Having lived in many parts of the country growing up (Dahlonega, GA; Burlington, CT; Calhoun, GA; Baltimore, MD; Charlotte, NC; etc.), I can attest that the generalities described here do dovetail with many of my experiences. The cultures with respect to racism are very different depending on town, region, state, and histories.

🎧 Seeing White, episode 35 Little War on the Prairie (Seeing White, Part 5) | Scene on Radio

Listened to Episode 35: Little War on the Prairie (Seeing White, Part 5) by John Biewen from Scene on Radio

Growing up in Mankato, Minnesota, John Biewen heard next to nothing about the town’s most important historical event. In 1862, Mankato was the site of the largest mass execution in U.S. history – the hanging of 38 Dakota warriors – following one of the major wars between Plains Indians and settlers. In this documentary, originally produced for This American Life, John goes back to Minnesota to explore what happened, and why Minnesotans didn’t talk about it afterwards.

These episodes and the brutal history they contain and suggest have been pretty gut-wrenching so far. This by far delves more deeply into the history and as a result is much more hear-rending than the others. It really makes me sick what our “nationalistic” tendencies have wrought thus far, and by all intents continues to continue to do.

If you haven’t been listening to this excellent series, I hope you’ll stop what you’re doing right now and listen to them all. I highly recommend it as required listening for everyone–even if you think you know what the message is.

Though this particular episode wasn’t specifically created for this series, it fits in incredibly well. I almost wish that some of the others in the series delved this deeply into some of the history as this one does. It really brings the problem into high relief and puts a more human face on the problems we may not see around us by looking back at a particular incident.

🎧 Seeing White, episodes 31-34 | Scene on Radio

Listened to Seeing White (Parts 1-4) by John Biewen with special guest Chenjerai Kumanyika from Scene on Radio

A podcast series from the Center for Documentary Studies at Duke University explores what it means to be White.

Part 1: Turning the Lens (February 15, 2017)
Events of the past few years have turned a challenging spotlight on White people, and Whiteness, in the United States. An introduction to our series exploring what it means to be White. By John Biewen, with special guest Chenjerai Kumanyika.

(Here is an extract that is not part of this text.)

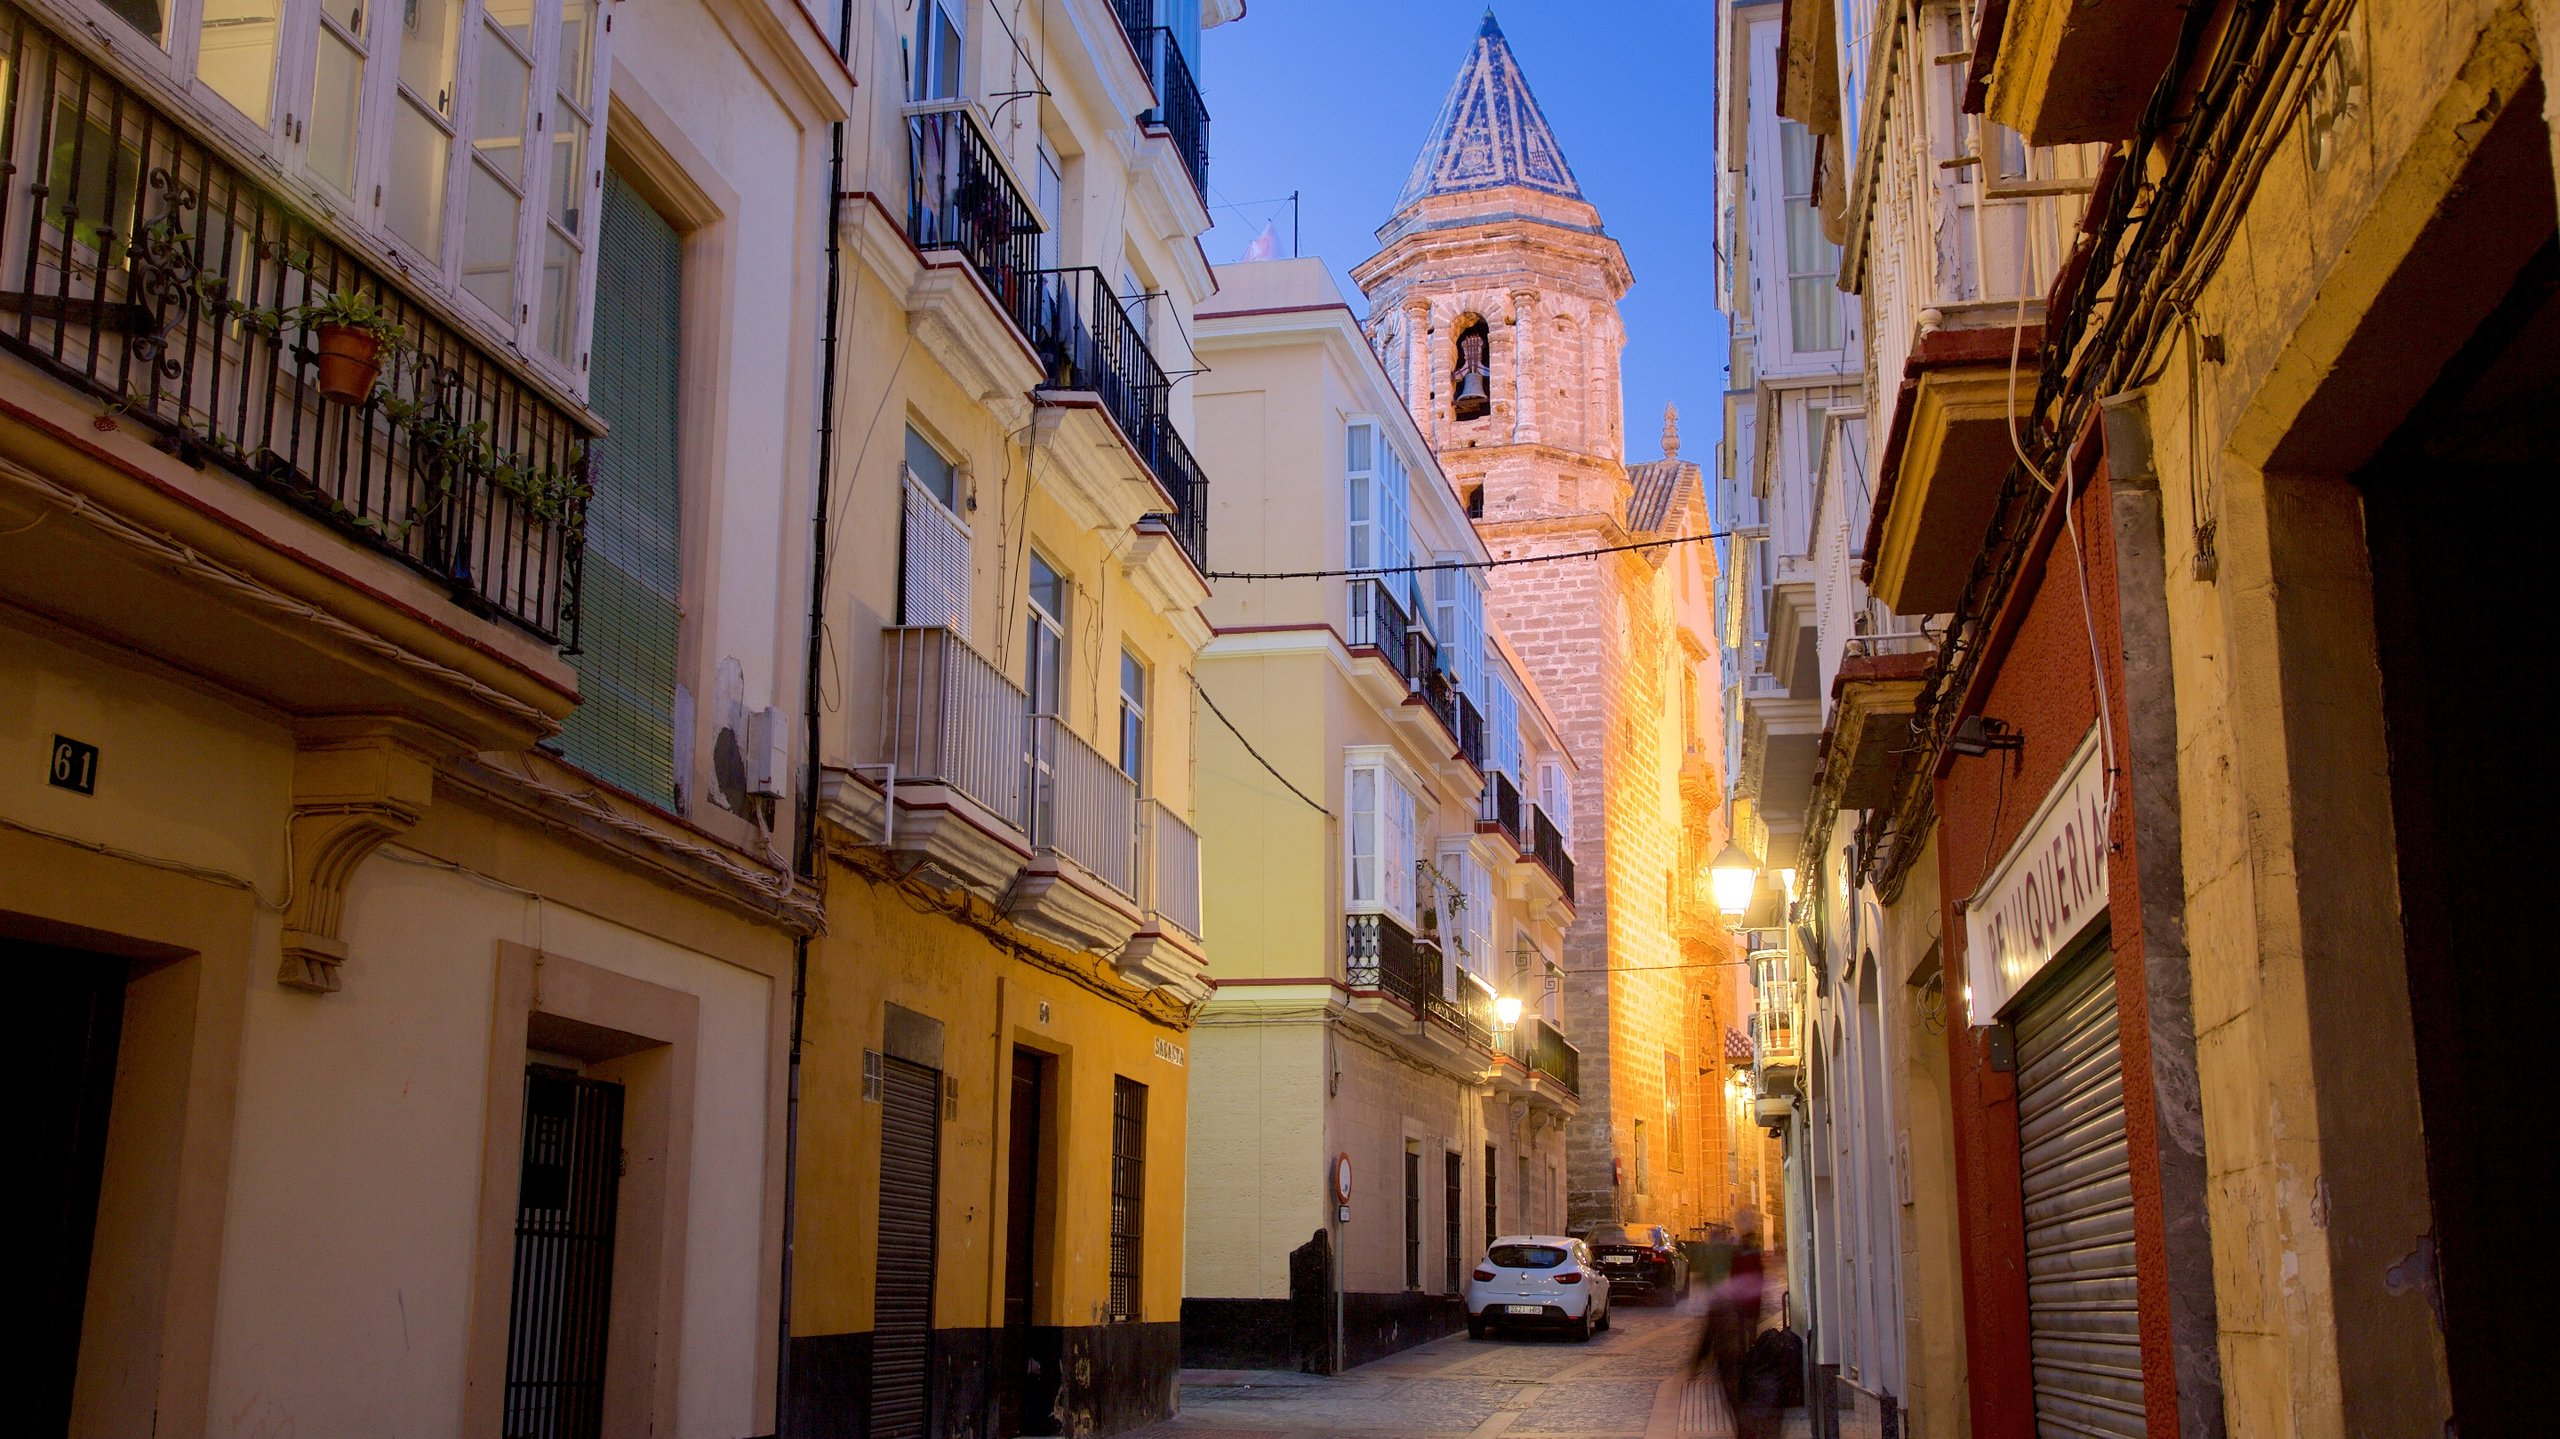 Cadiz Province, Andalusia, Spain
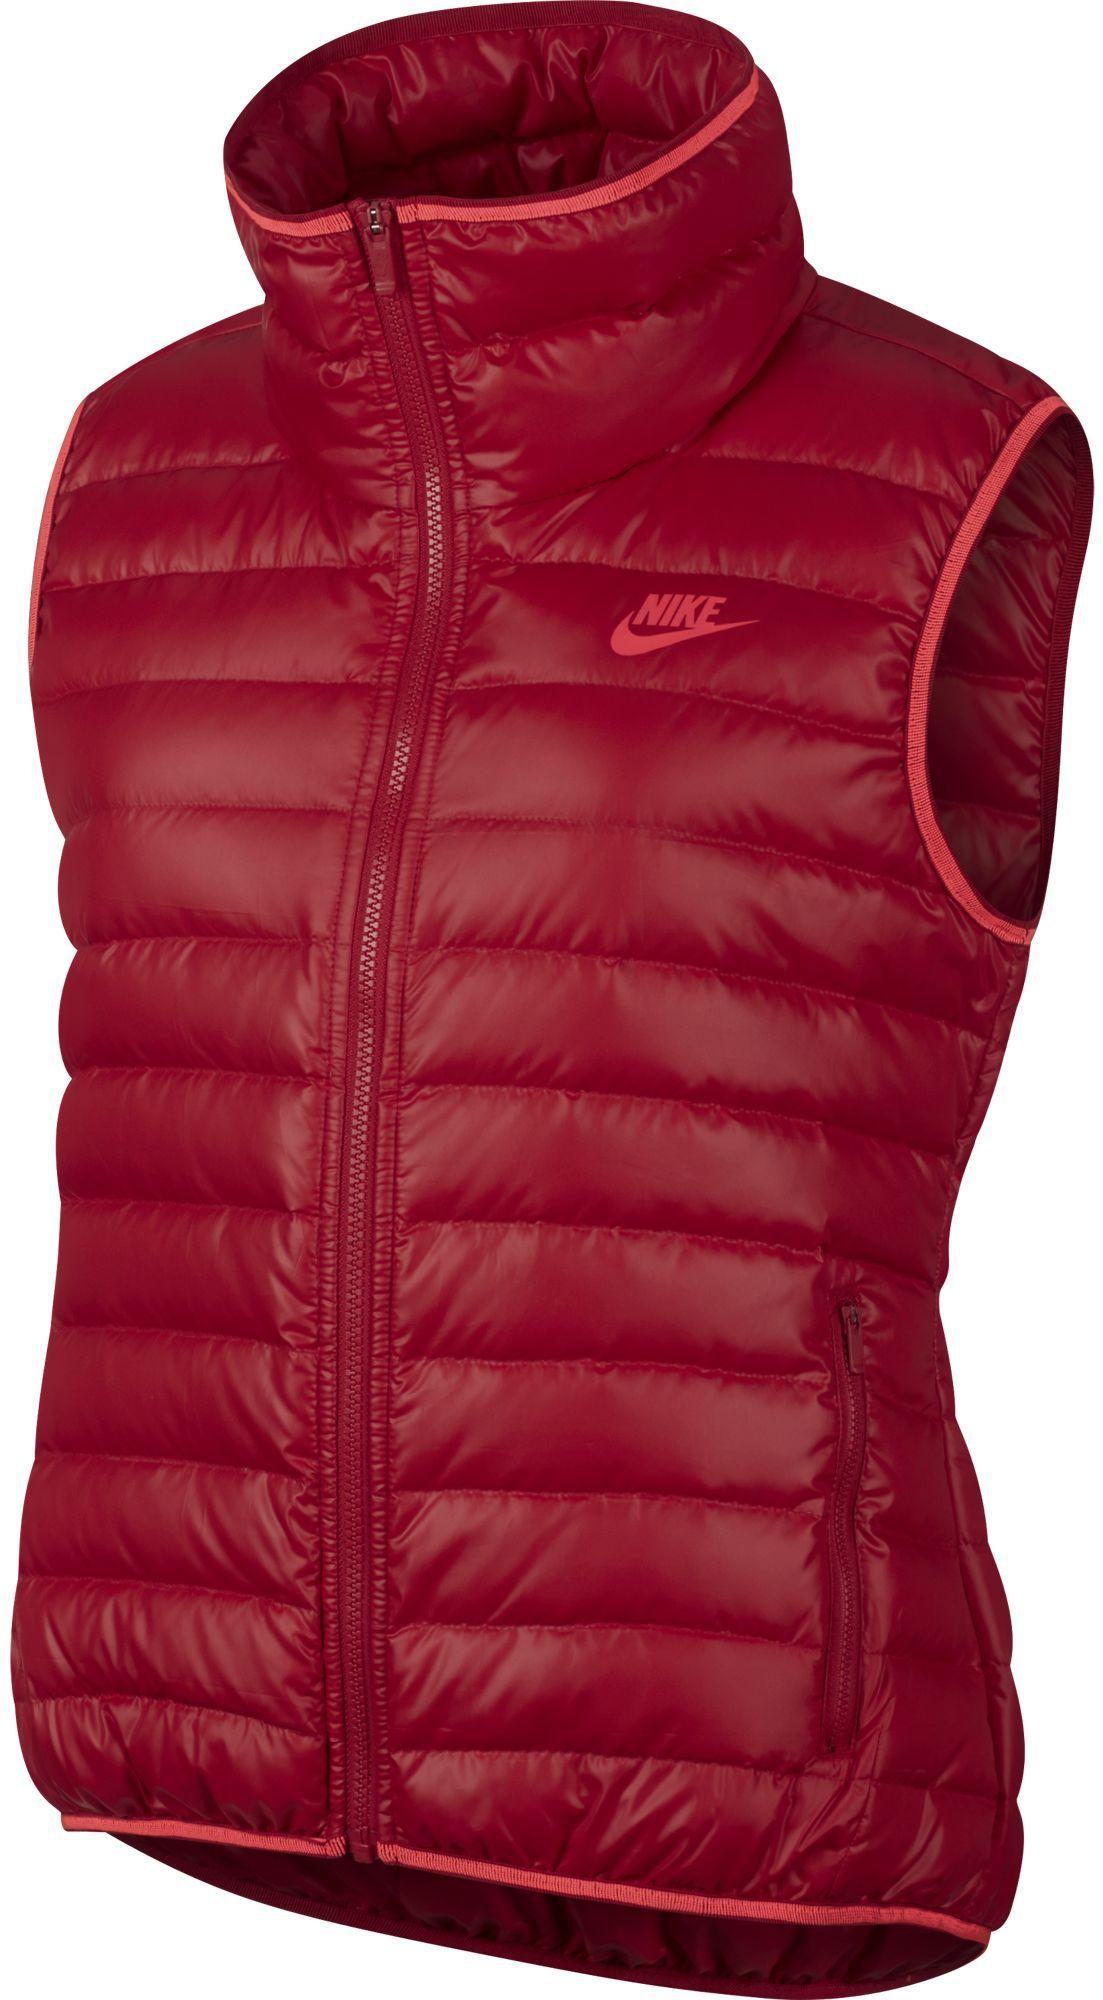 c99e3a3e96f1 Nike SPORTSWEAR VEST. Women s vest

Part 2: How Race Was Made (March 1, 2017)
For much of human history, people viewed themselves as members of tribes or nations but had no notion of “race.” Today, science deems race biologically meaningless. Who invented race as we know it, and why? By John Biewen, with guest Chenjerai Kumanyika.

Part 3: Made in America (March 16, 2017)
Chattel slavery in the United States, with its distinctive – and strikingly cruel – laws and structures, took shape over many decades in colonial America. The innovations that built American slavery are inseparable from the construction of Whiteness as we know it today. By John Biewen, with guest Chenjerai Kumanyika.

Part 4: On Crazy We Built a Nation (March 30, 2017)
“All men are created equal.” Those words, from the Declaration of Independence, are central to the story that Americans tell about ourselves and our history. But what did those words mean to the man who actually wrote them? By John Biewen, with guest Chenjerai Kumanyika.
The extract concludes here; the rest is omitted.